映画、映画、映画

いちにちいっぽんえいがをみてなにかをかく(多分できない)ネタバレはあり。そうは言ってもただただ筋書きとか書いていったり細かく解説してとかそういうものではない。観た後に忘れないうちに急いで書くので誤字脱字はたいへん多い。近頃、寝る時間の関係上、映画が見れないこともある。

「台北ストーリー」

 

 監督:エドワード・ヤン

 1985年

 

 静謐な筆致と空気を捉えた映像に、台北の都市が描き出される。そして、登場人物たちが、ビルの屋上から都市を眺める。若い女の子が、向こうからこちらは見えないと言う。

 スクリーンの中に留められた台北の都市やそれが持つ空気、そして、人間たち。我々は、男女の関係を通してそれを見ることができる。もちろん、彼らに気づかれることなく。

 一貫して、緩やかに、そして、静かに描かれる世界は、どこを切り取っても同じ温度に感じられる。そんな世界には、どうしようもなく苦しい生活や人々の愚かしさが溢れている。全てが我々の前に平等にたちあらわれ、まるで我々がどこかから覗き見でもしているかのような感覚を生み出す。

 退屈に感じてしまう原因があるとすれば、こういうところにあるのかもしれない。しかし、起きていることは決して退屈なことではなく、物語に映像がいかに影響を持つかを教えられる。

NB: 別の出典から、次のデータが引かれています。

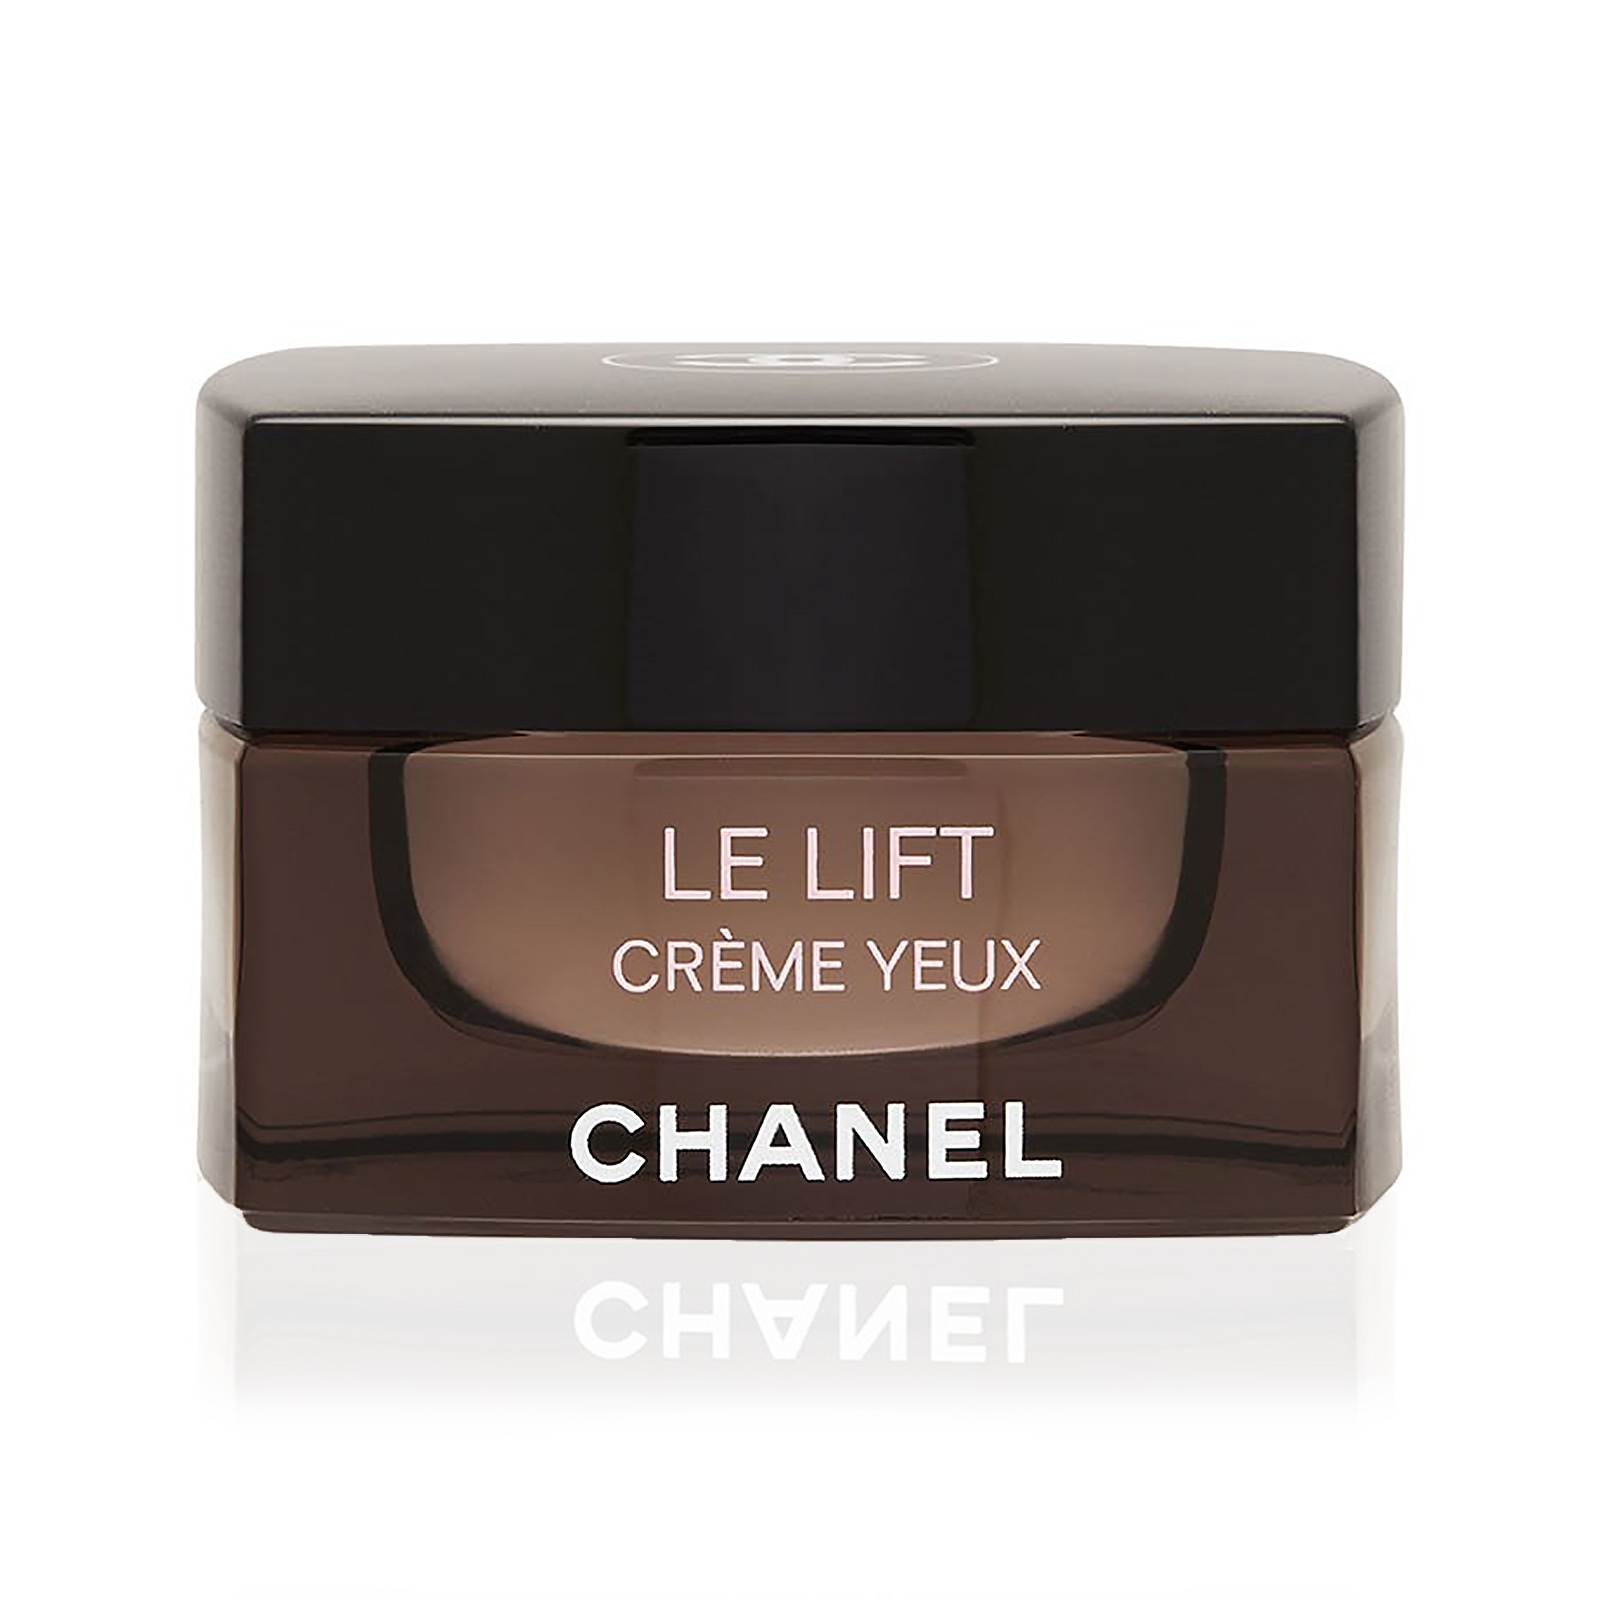 CHANEL Le Lift Creme Yeux - Le Lift Eye Creme - Reviews
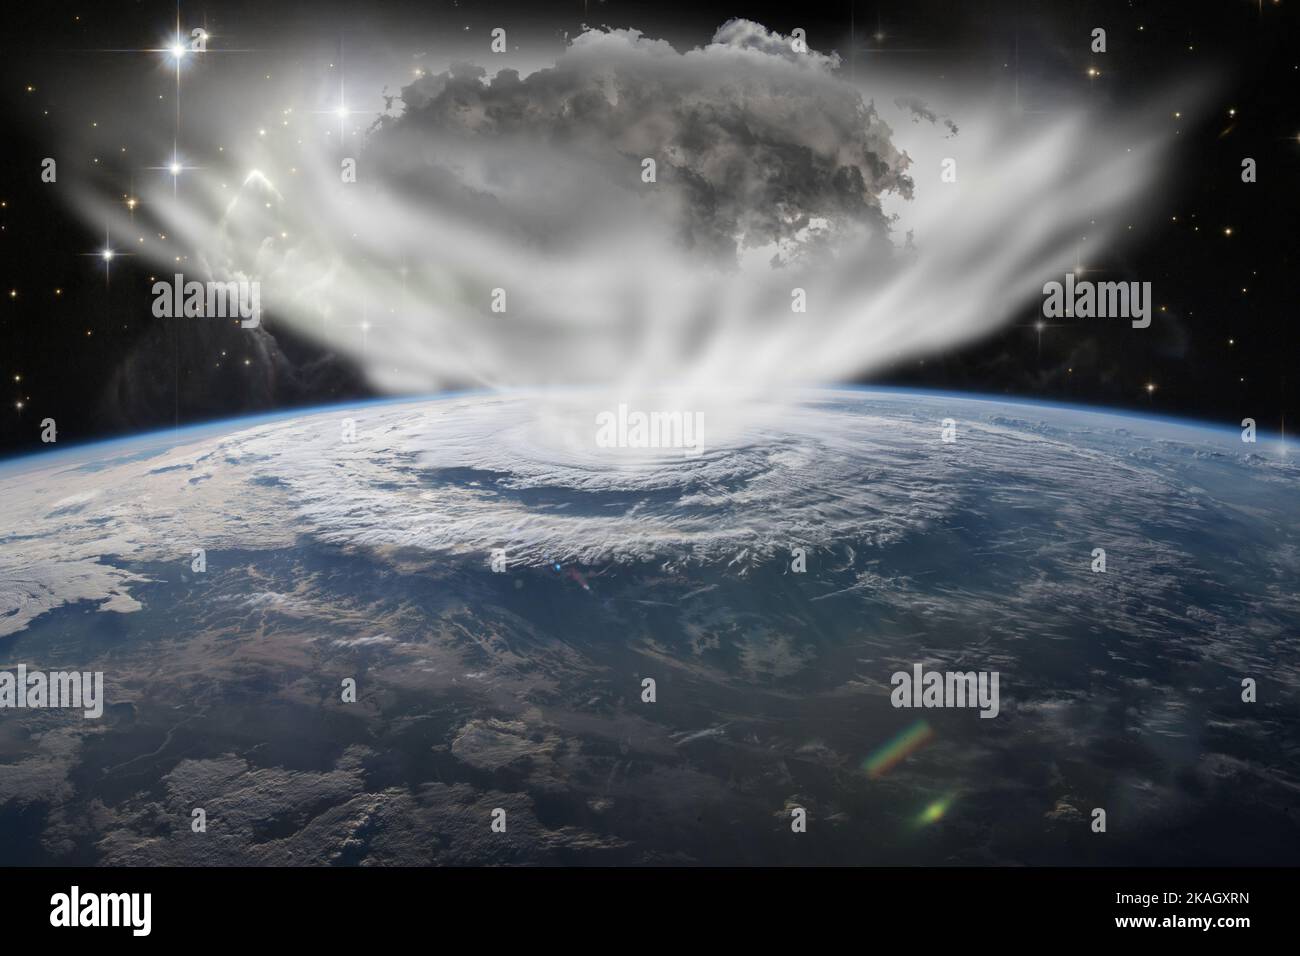 Ozonloch. Konzept der Luftlecks vom Planeten Erde zum Weltraum. Elemente dieses Bildes, die von der NASA eingerichtet wurden. Stockfoto

 この映画は、文芸映画として非常に質の良い奥深さを持つように思える。それは、描かれた都市そのものの奥深さであり、全てに同じような熱量を与えることで我々はそれに気づくことになる。

 

 誰かの頼みが断れない男。女の嫌いな父親に似てきた男。そして、嘘をつく男。

 危うい関係は、もしかすると女の愛されたいと思う気持ちで綱渡りを続けてきたに過ぎなかったのかも知れない。彼女は、愛のない家庭に育った。きっと孤独だったに違いない。そんな彼女を愛してくれた男、少しくらい我慢したって離れたくないと思うのは、必然だろう。

 もしかすると、全部おままごとのようなものだったのかも知れない。お互いにそれに気づいた上で、恋人を演じていたのかも知れない。我々は、そんな彼らの関係を見て悲しい結末を感じずにはいられない。運命とも言うべき結末へと進む物語なのだろう。若者たちの危うい自由や、男の友人のどん底、女の父親の無力感。それらが、物語をより複雑なものへと彩を加える。